The data:
|---|
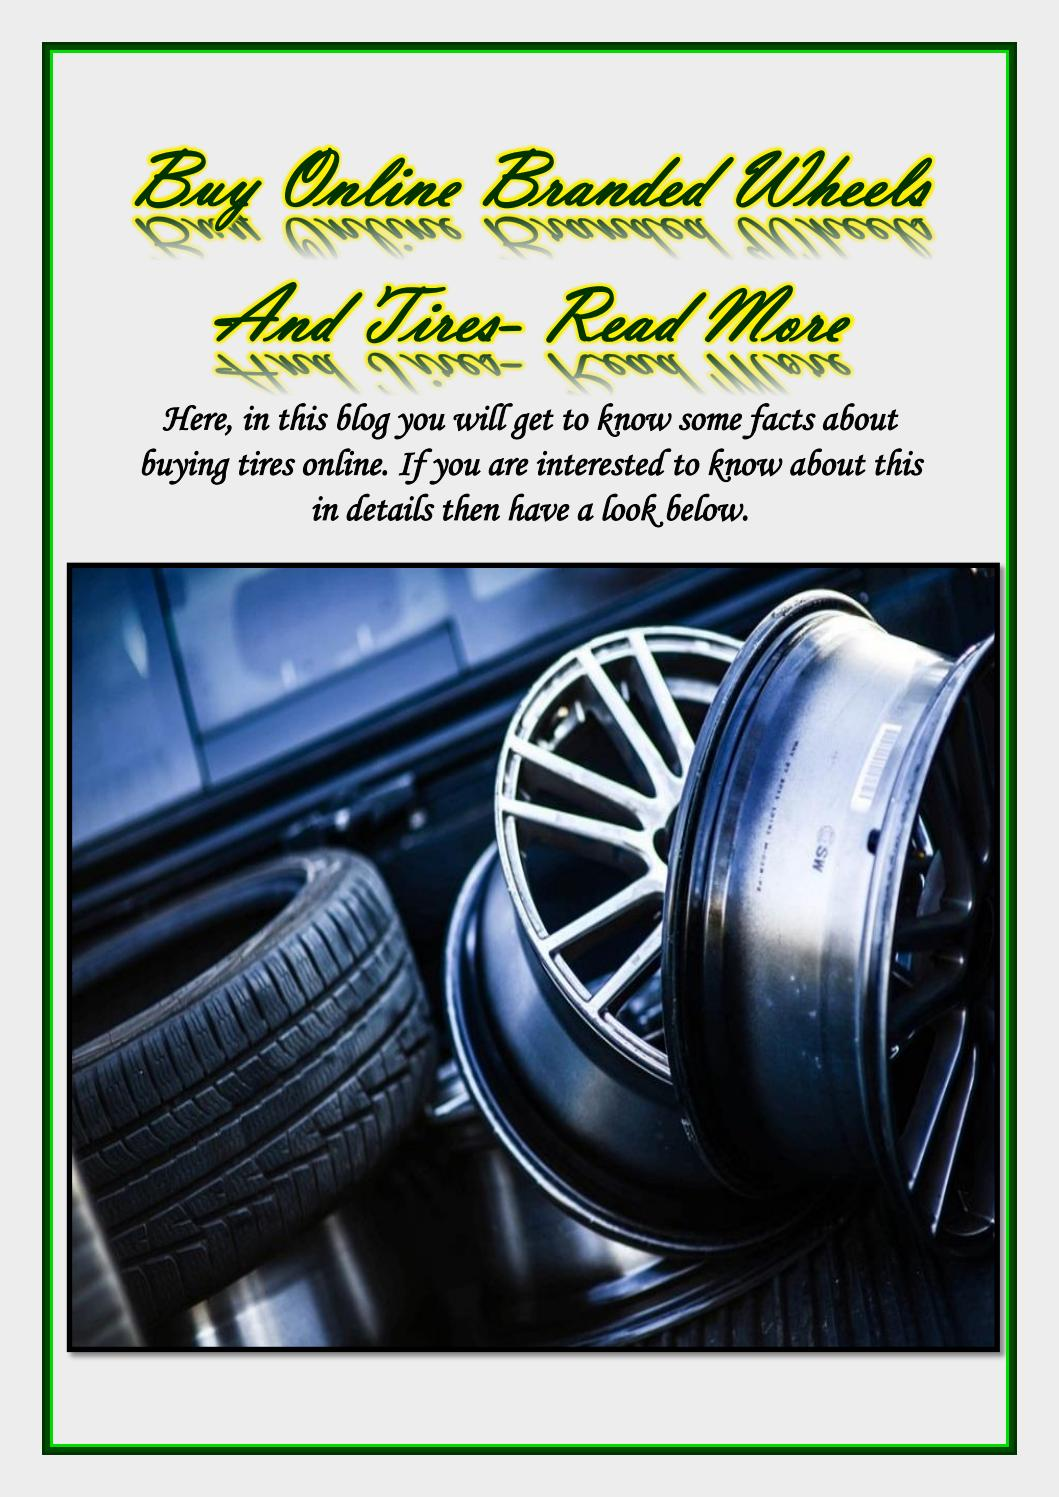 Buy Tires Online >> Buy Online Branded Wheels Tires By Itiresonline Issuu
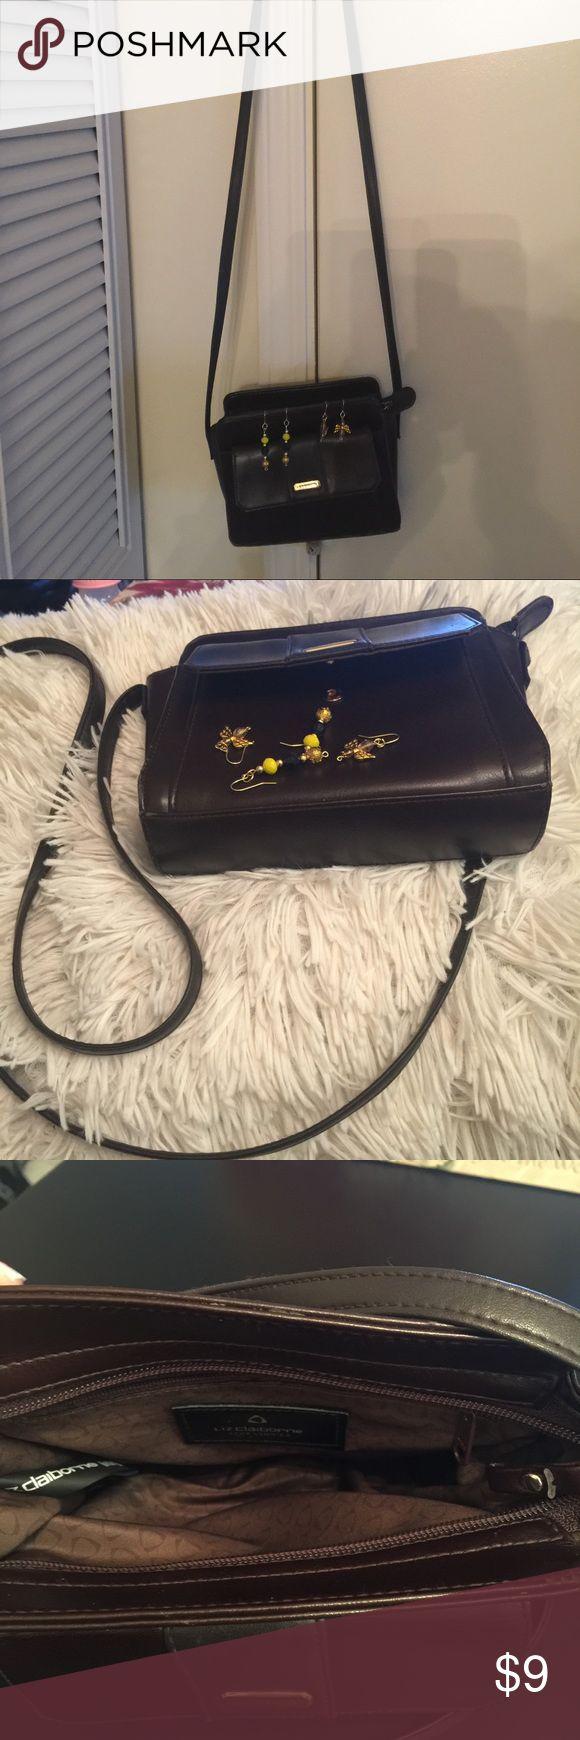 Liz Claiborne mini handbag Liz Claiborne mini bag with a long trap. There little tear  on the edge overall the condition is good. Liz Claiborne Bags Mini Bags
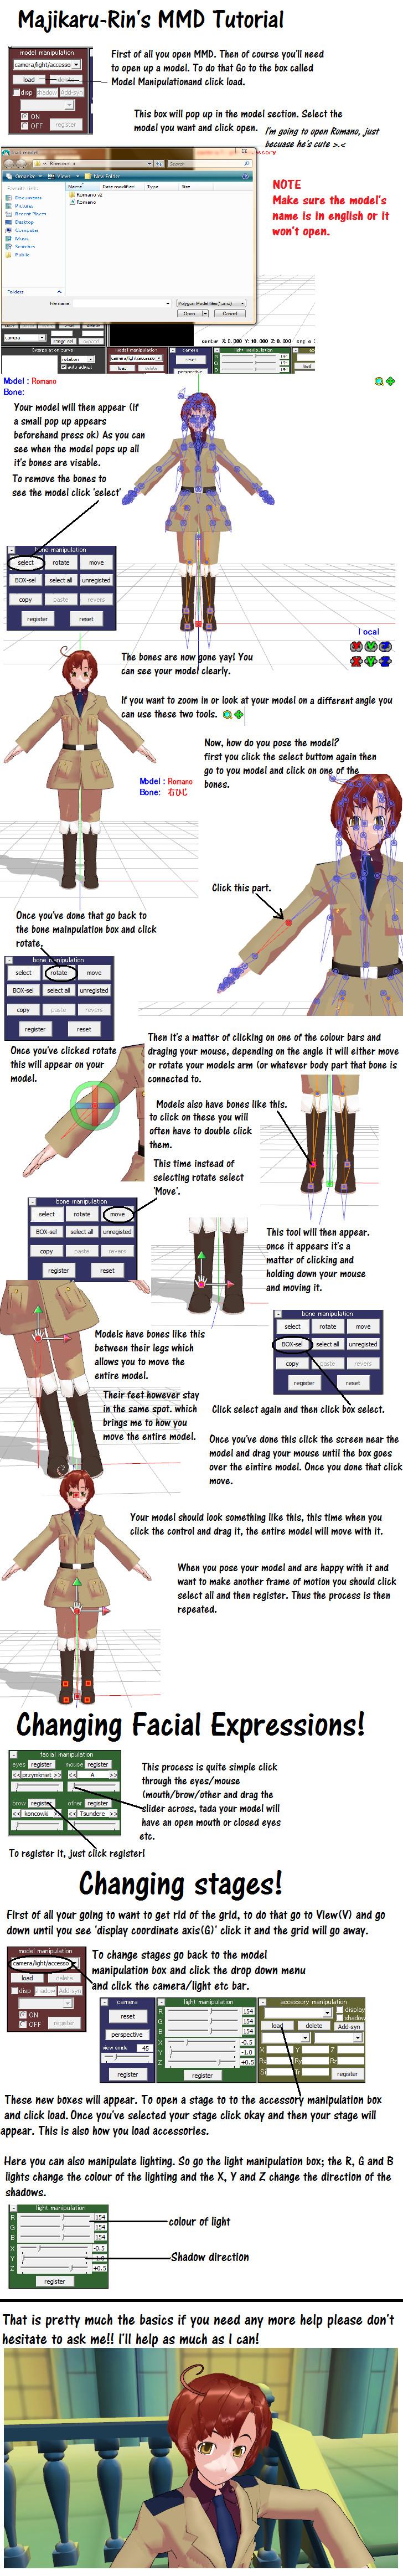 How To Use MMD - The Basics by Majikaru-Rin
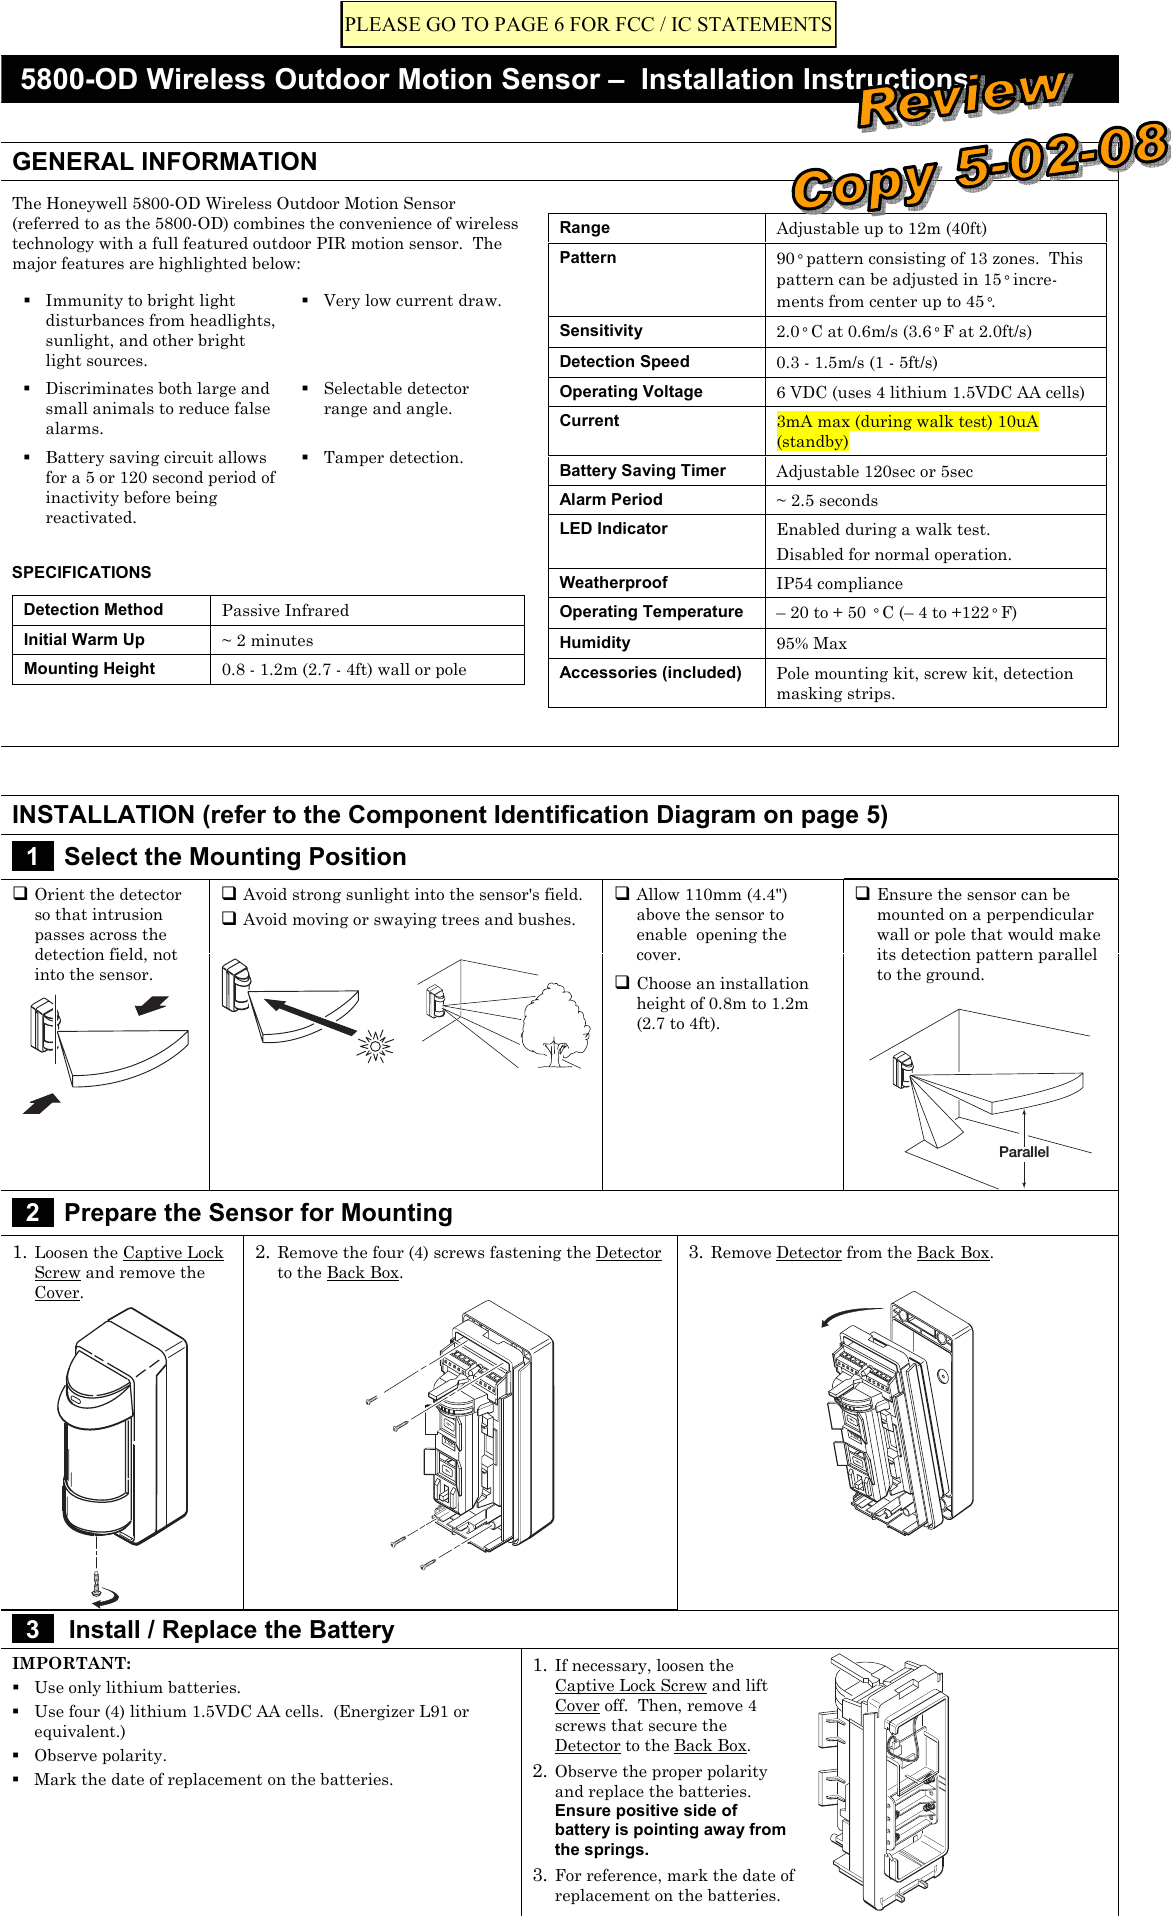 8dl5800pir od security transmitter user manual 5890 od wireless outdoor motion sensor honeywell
|---|
Task objective: When you write out the data, keep every line exact and drop the pictures.

Your response:
 Buy Tires Online >> Buy Online Branded Wheels Tires By Itiresonline Issuu
 Liz Claiborne mini handbag Liz Claiborne mini bag with a long trap. There little tear  on the edge overall the condition is good. Liz Claiborne Bags Mini Bags
 How To Use MMD - The Basics by Majikaru-Rin
 8dl5800pir od security transmitter user manual 5890 od wireless outdoor motion sensor honeywell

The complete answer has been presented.